Obviously, on the big issue of three-times prime minister Silvio ‘Bunga Bunga’ Berlusconi, who dominated Italian politics for two decades, he toes the party line — the world liberal left media line — that Berlusconi was beyond the pale. But he does at least have the decency to ask why so many Italians voted for him so often. This forces him to suggest that they were brainwashed, or were themselves equally bad, or else — heaven forbid — that the media-backed judicial assault on Berlusconi was political.

Hooper fudges the answer. Yet even Berlusconi’s one and only conviction (tax evasion) is absurd, and all those millions of Italians know it. At the time of the alleged offence he had no legal role in the company, unlike his son or his right-hand man, who both did and were acquitted of the same offence.

The Robespierrian scapegoating of Berlusconi as the reason for all Italy’s ills tells us much about the dire state of the country’s media and judicial system, which ought to terrify anyone — not just Italians. He did not have blanket media control, as the media insisted. Indeed, the opposite was the case. Nearly all political talk-shows in Italy were, and remain, way to the left of the BBC, like most of its newspapers. As for Italy’s byzantine and ludicrous judicial system, one simply thinks of Amanda Knox — condemned, acquitted, condemned (and the case is still not over).

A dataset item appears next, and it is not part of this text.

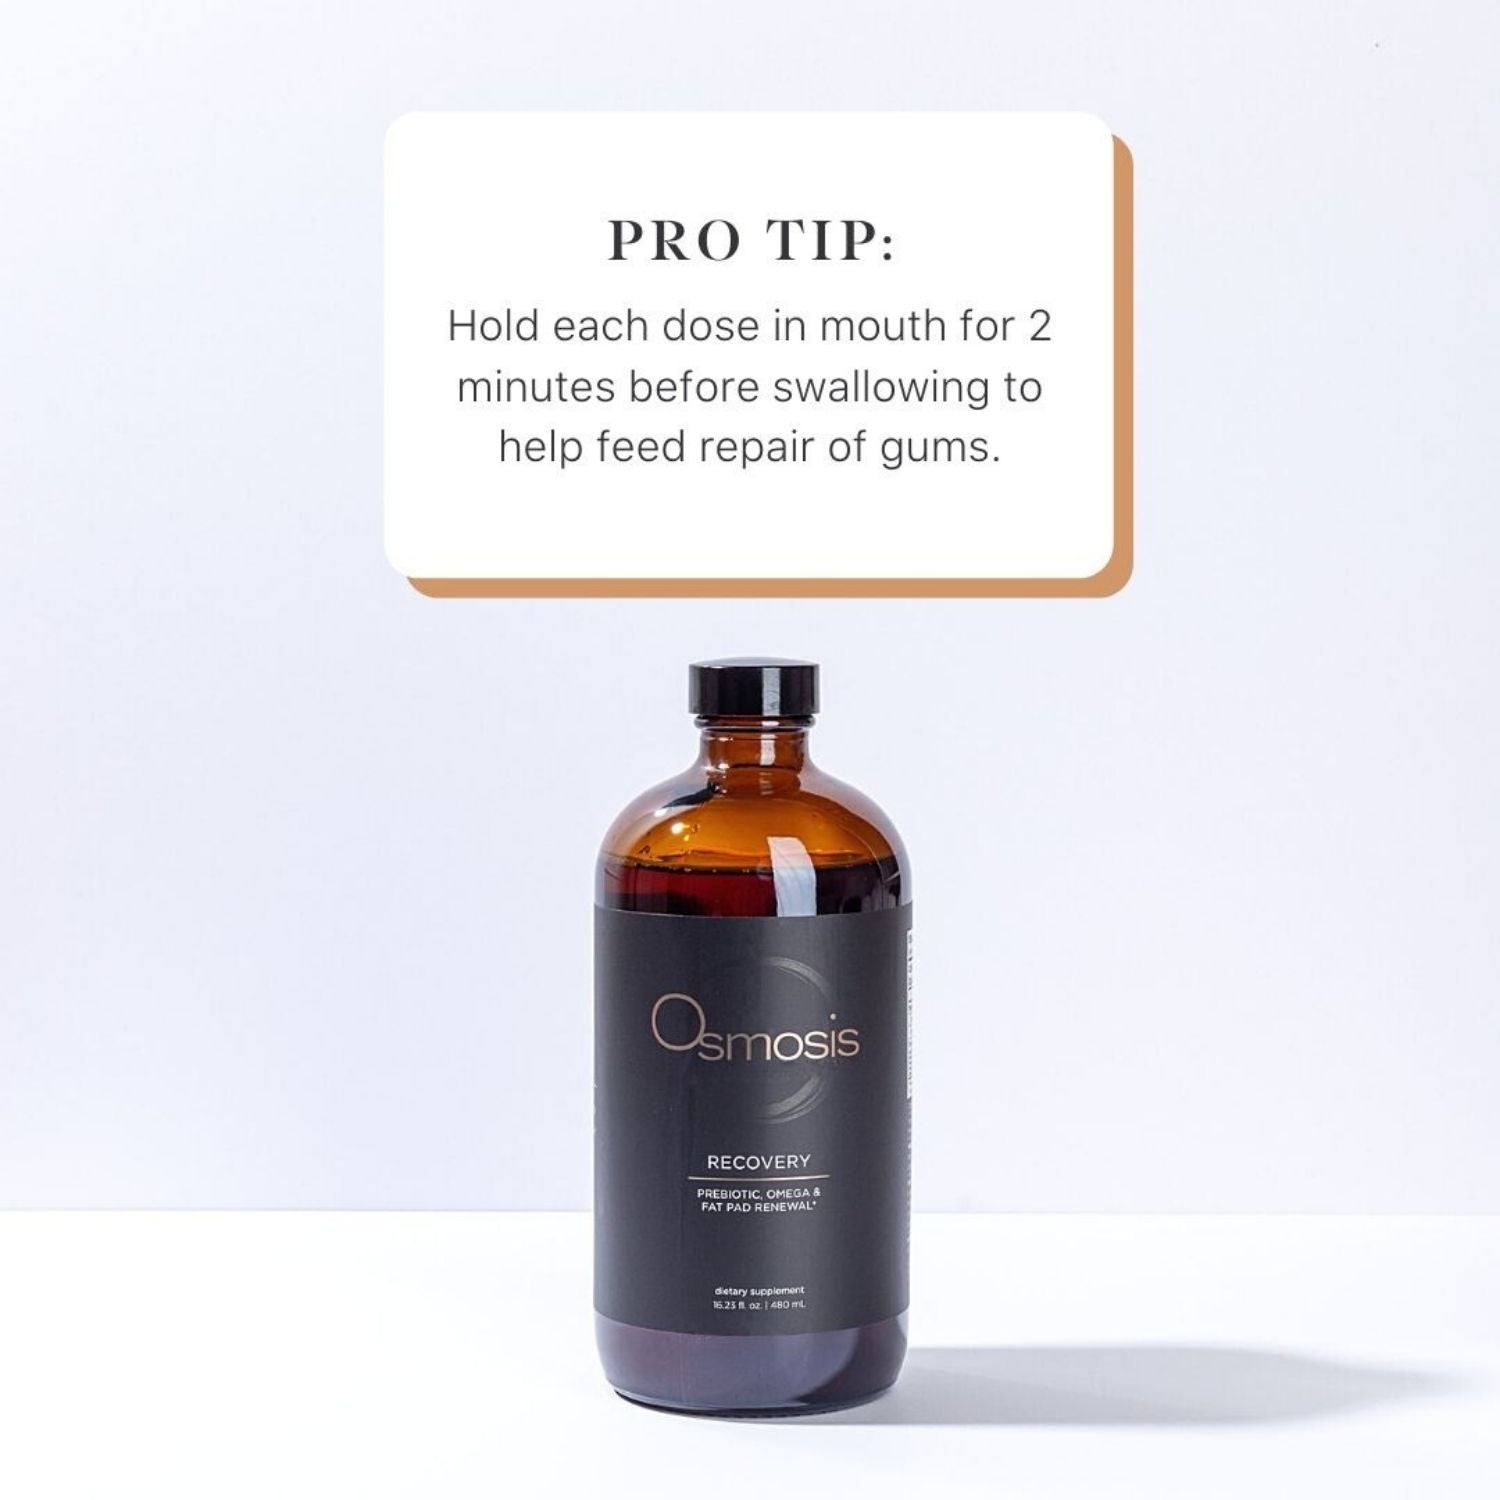 bottle of recovery prebiotic displayed with a pro tip text on white background

This book is stuffed with statistics from all manner of international bodies, even on how often Italian women have orgasms.They reminded me of those interminable speeches by Fidel Castro on the Cuban sugar harvest in which he used to reel off figures signifying nothing. More personal anecdotes and observations about his long experience of living in Italy would have been far more valuable; when these do appear they are like manna from heaven.

Something that depresses me about Italy is the slow death of the family since 1945 — and therefore of the nation; a trend which if not reversed will destroy the country. The Italians used to have so many children; now they have hardly any. Hooper does address this issue with his usual statistics but does not enlighten me. My view is that Italian women — more so than women anywhere else in the West — have decided that the only thing that counts in life is having a good time. It is, however, true —as the author notes — that the Italians do wear sunglasses all the time, even at night and in winter and inside church. Ah, those Italians.